Are we really supposed to believe that all languages are equally good/bad and that we might just as well choose any of them for any project? This is nonsense.
Languages do differ in clarity, maintainability, readability, and many other features, and, in the end, this will lead to fundamental differences on average in the engineering quality of the code. Little science (AFAIK) has been performed to study the relative quality of different languages, but there is no reason to believe that it could not be studied in principle. Nor is there much reason to believe that there wouldn't be substantial differences between languages.
--Mike
"Not an actor, but he plays one on TV."
to oppose some claims that the only reason brainfuck and machine code are unreadable is because the reader doesn't know HOW to read it I will go into why they are inherently less readable than some other languages DESPITE being able to read them.
;)
thankyou elflord for already getting the point
at one level brainfuck is extremely easy to read, it only has 8 characters, each of which corresponds to one of 8 simple to understand operations. Anyone could learn to read off the code operations given 10 minutes because there isn't very much to learn. brainfuck is still inherently unreadable because it is very hard to work out what a peice of code's functionality is when only given a list of low level operations. In brainfuck there are no function names to give a big clue as to what the function does, there are no variable names, and there are no comments.
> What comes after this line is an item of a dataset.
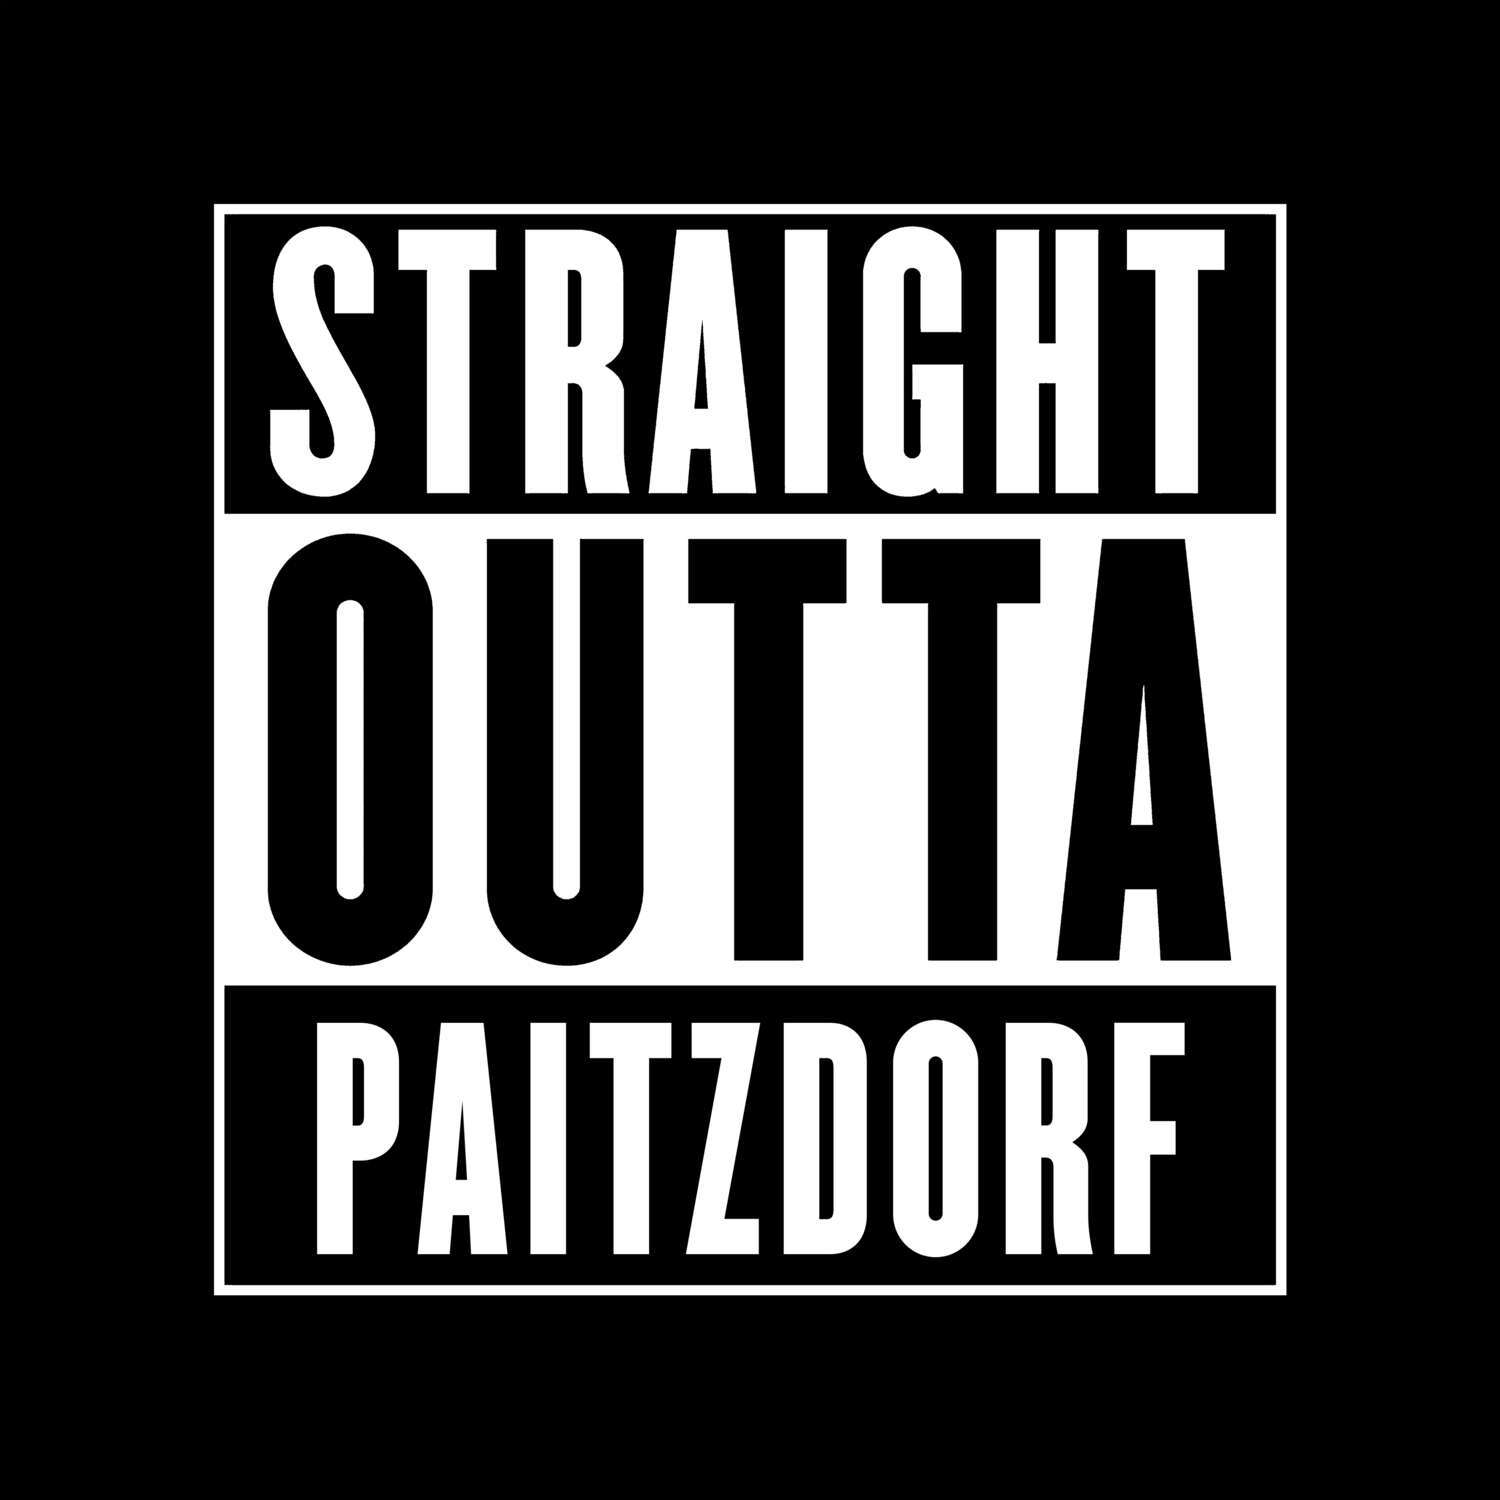 Paitzdorf T-Shirt »Straight Outta«

Just imagine trying to write readable code in perl if you were forced to call all your functions f1, f2, f3.... and all your variables $v1 $v2 $v3.... and you are not allowed to create any comments, and you have to build your own strings at run time too, none of these abstract types thank you. Just to finish off remove all the whitespace from your perl script and tell me if it is readable. brainfuck forces all of those points, so although the operations are very readable, the functionality isn't.
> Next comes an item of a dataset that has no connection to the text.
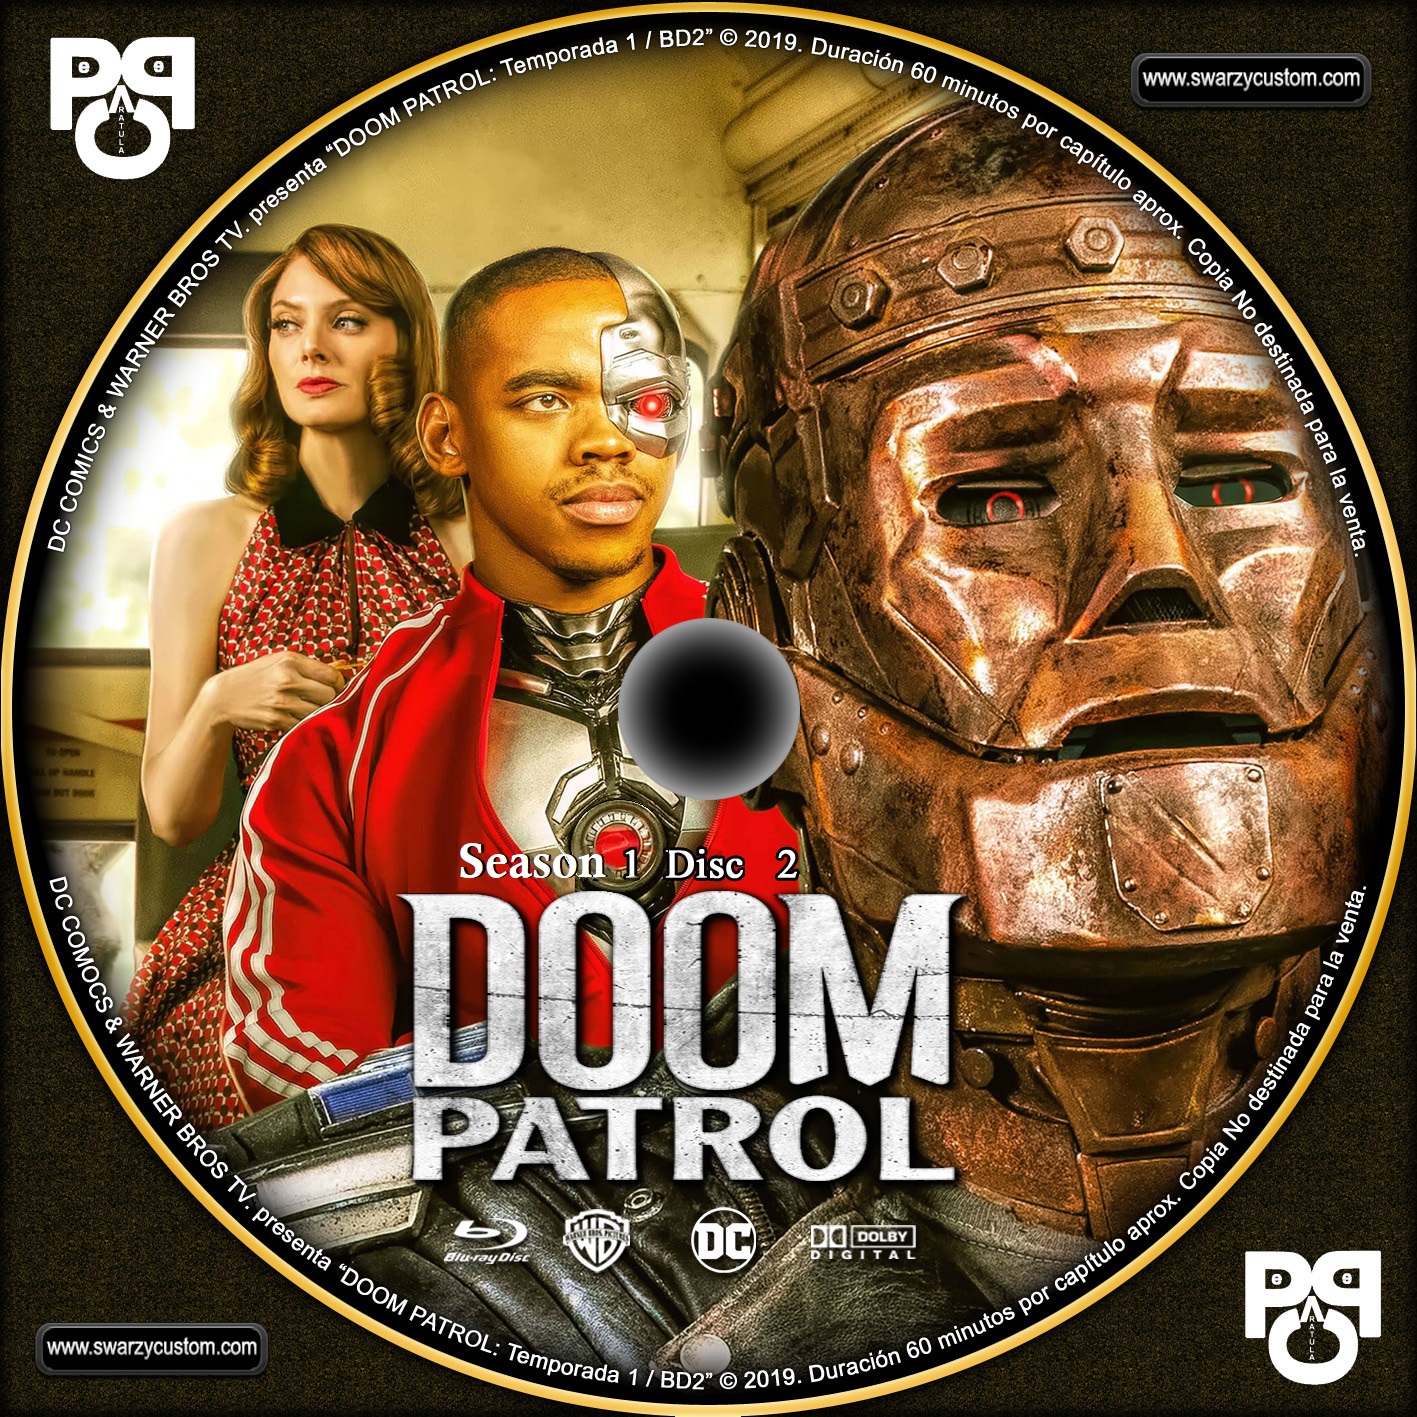 Doom Patrol saison 1 DISC 2 custom (BLU-RAY)

machine code is also quite readable, it is perfectly possible to learn how to read machine code, but it is much harder to read machine code than it is assembly. Again this has nothing to do with the posibility of learning to read either, it is infact purely based on how quickly you can read them. There is a one to one translation between machine code and assembly (apart from label names)
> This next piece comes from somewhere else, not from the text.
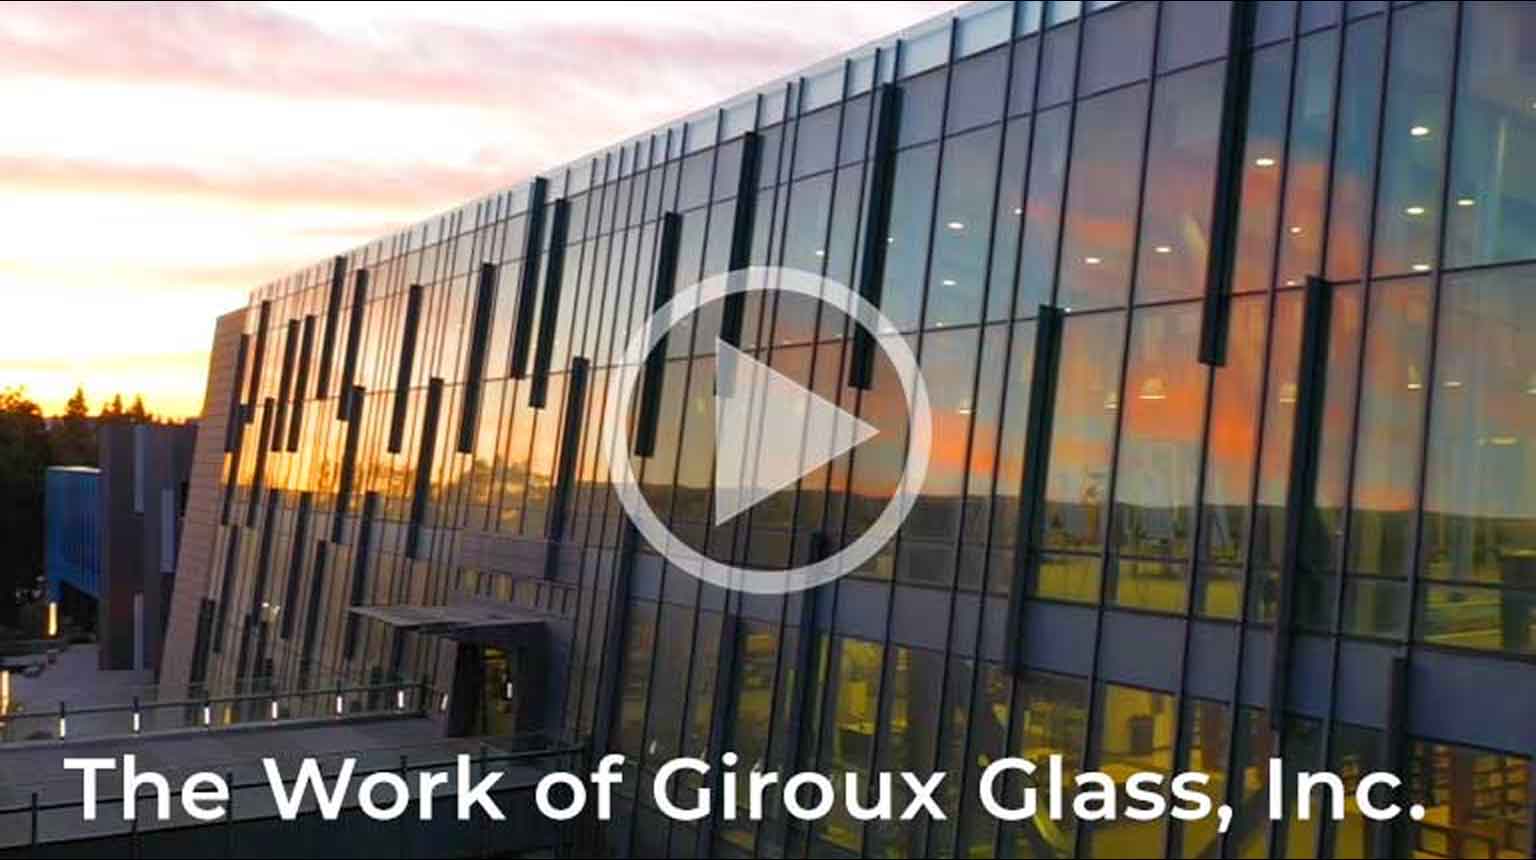 The Work of Giroux Glass, Inc.

but whereas I can read an assembly op in well under a second, I would have to spend a fair amount of time deciphering which op code is being used, with which options and registers and data. Even if I knew everything I needed to know to work out what the instruction is, I am still having to calculate it each time I read a code. In variable length instruction sets I have an even worse time as although I can see one assembly instruction followed by another, and I can simply skip looking at a few I am not interested in, in the machine code I have to work out every instruction before I know where the next intruction begins.
Now, for a stupid example that knowing how to read two languages does not imply equality in ease of reading them, as appropriate for a comparison of assembly to machine code: I pick english for one language and english with each letter offset by one for the second, so that 'a' is translated to 'b'.
The languages are almost identical, and you have been given everything you need to know how to read both, but how long does it take you to READ AND UNDERSTAND e"readable" compared to e1"vosfbebcmf"?
machine code is harder (but possible) to read because you have to work more things out than you do with assembly.
brainfuck is harder to read than C like languages because you don't have any names or comments to give you clues as to the functionality. If you wrote C with random function names, random variable names, no comments and agreed to never use any number except 0, and never use any strings then your code would be on par with brainfuck : but brainfuck manadates this style, which is why it inherently difficult to understand.
Someone: I thought python was an easy language. Why's the book so big?